Despite mediocre records, for-profit online charter schools are selling parents on staying virtual

Companies promise parents they’ll deliver high-quality learning this fall. But what they’ve provided in the past is anything but.

As parents fearful of coronavirus’s spread and frustrated with their schools’ forays into remote learning seek other options, they are increasingly turning to virtual for-profit charter schools. At the Ohio Distance and Electronic Learning Academy (OHDELA), enrollment more than doubled to about 5,200 students in the 2020-2021 school year, according to state data. At Stride Inc., the nation’s biggest for-profit operator of charters, enrollment grew by 45 percent, to almost 157,000, and revenues in its general education division rose 37 percent. Pearson, the parent company of Connections Education, the second largest for-profit online charter operator, reported enrollment growth in its virtual schools division of 20 percent in 2020.

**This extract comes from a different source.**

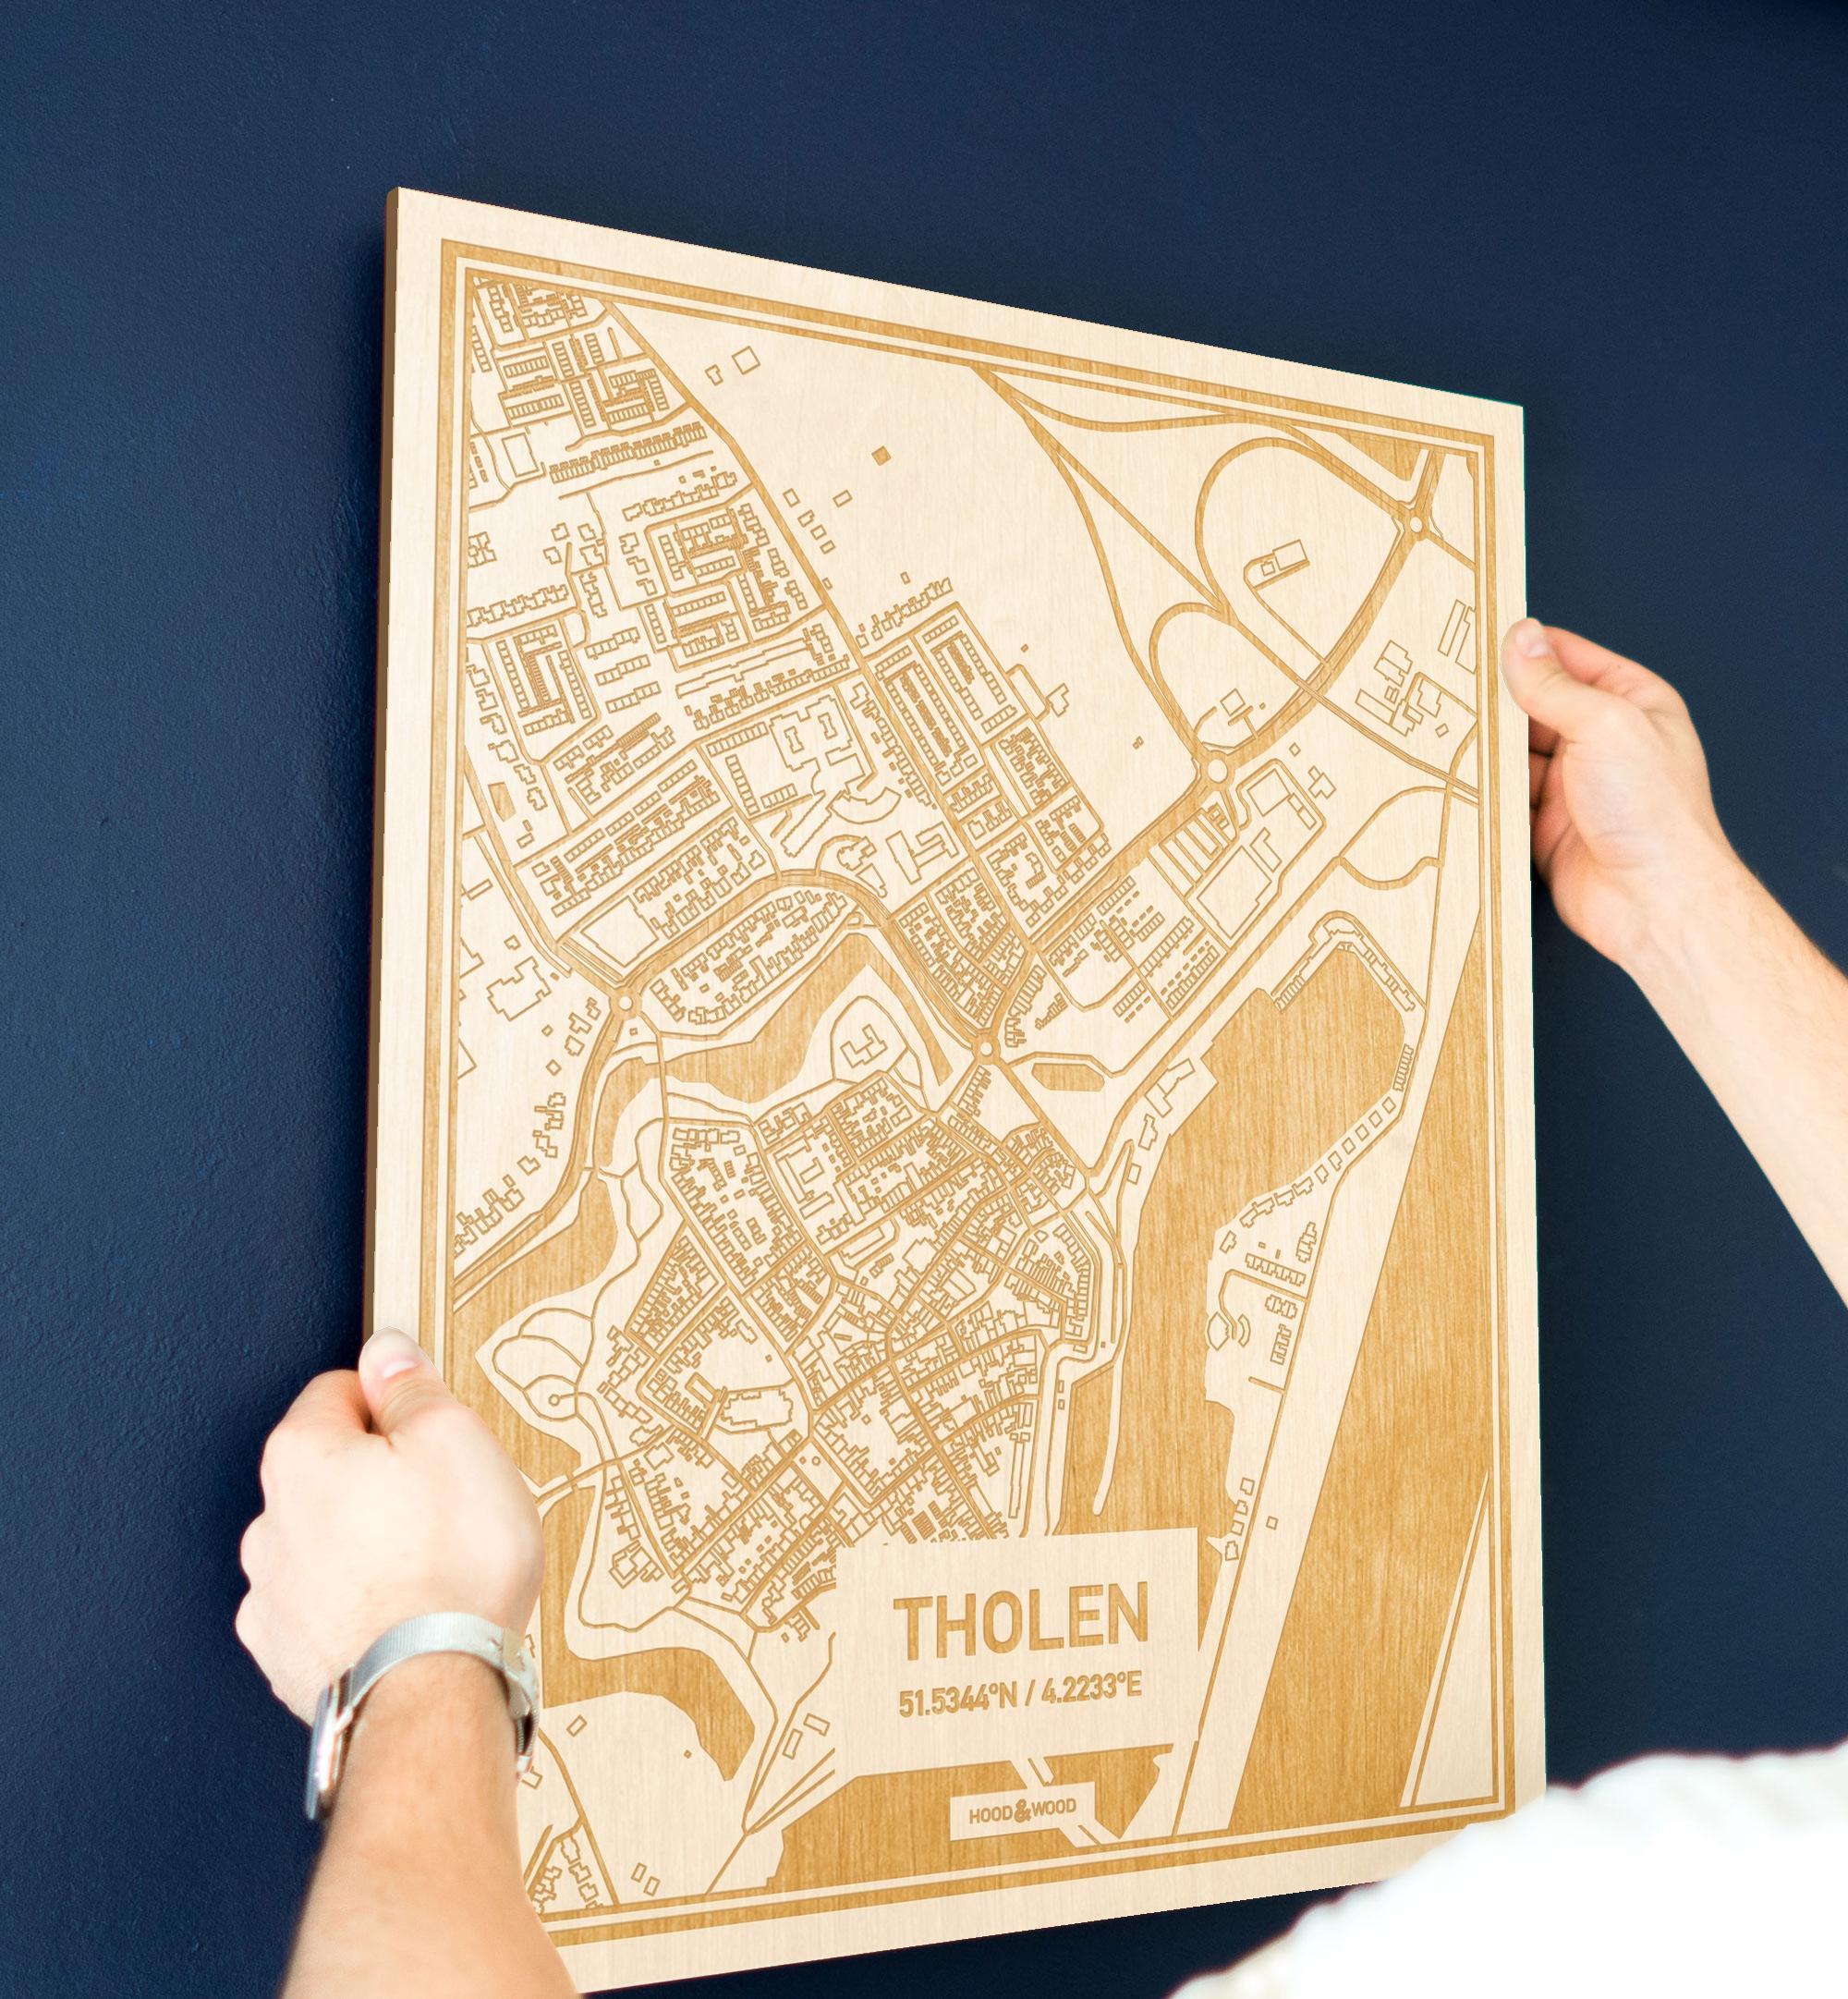 Een man hangt de houten plattegrond Tholen aan zijn blauwe muur ter decoratie. Je ziet alleen zijn handen de kaart van deze originele in Zeeland vasthouden.

One reason for the growth is the sort of advertisement which often touts the schools’ long experience in online instruction and teachers specially trained in remote learning. Equipped with big advertising budgets, the schools have stepped up their marketing during the pandemic, often advertising on children’s channels.

Yet the advertising belies these schools’ records serving students. OHDELA gets an F rating from the Ohio Department of Education, receiving failing marks on measures including students’ performance on state tests, academic growth and graduation rates. Overall, about 63 percent of virtual for-profit schools were rated unacceptable by their states in the latest year for which data was available, according to a May 2021 report by the University of Colorado’s National Education Policy Center (NEPC). Online charters typically lag behind other schools on measures including student academic outcomes and graduation rates, and have also been plagued by high student turnover.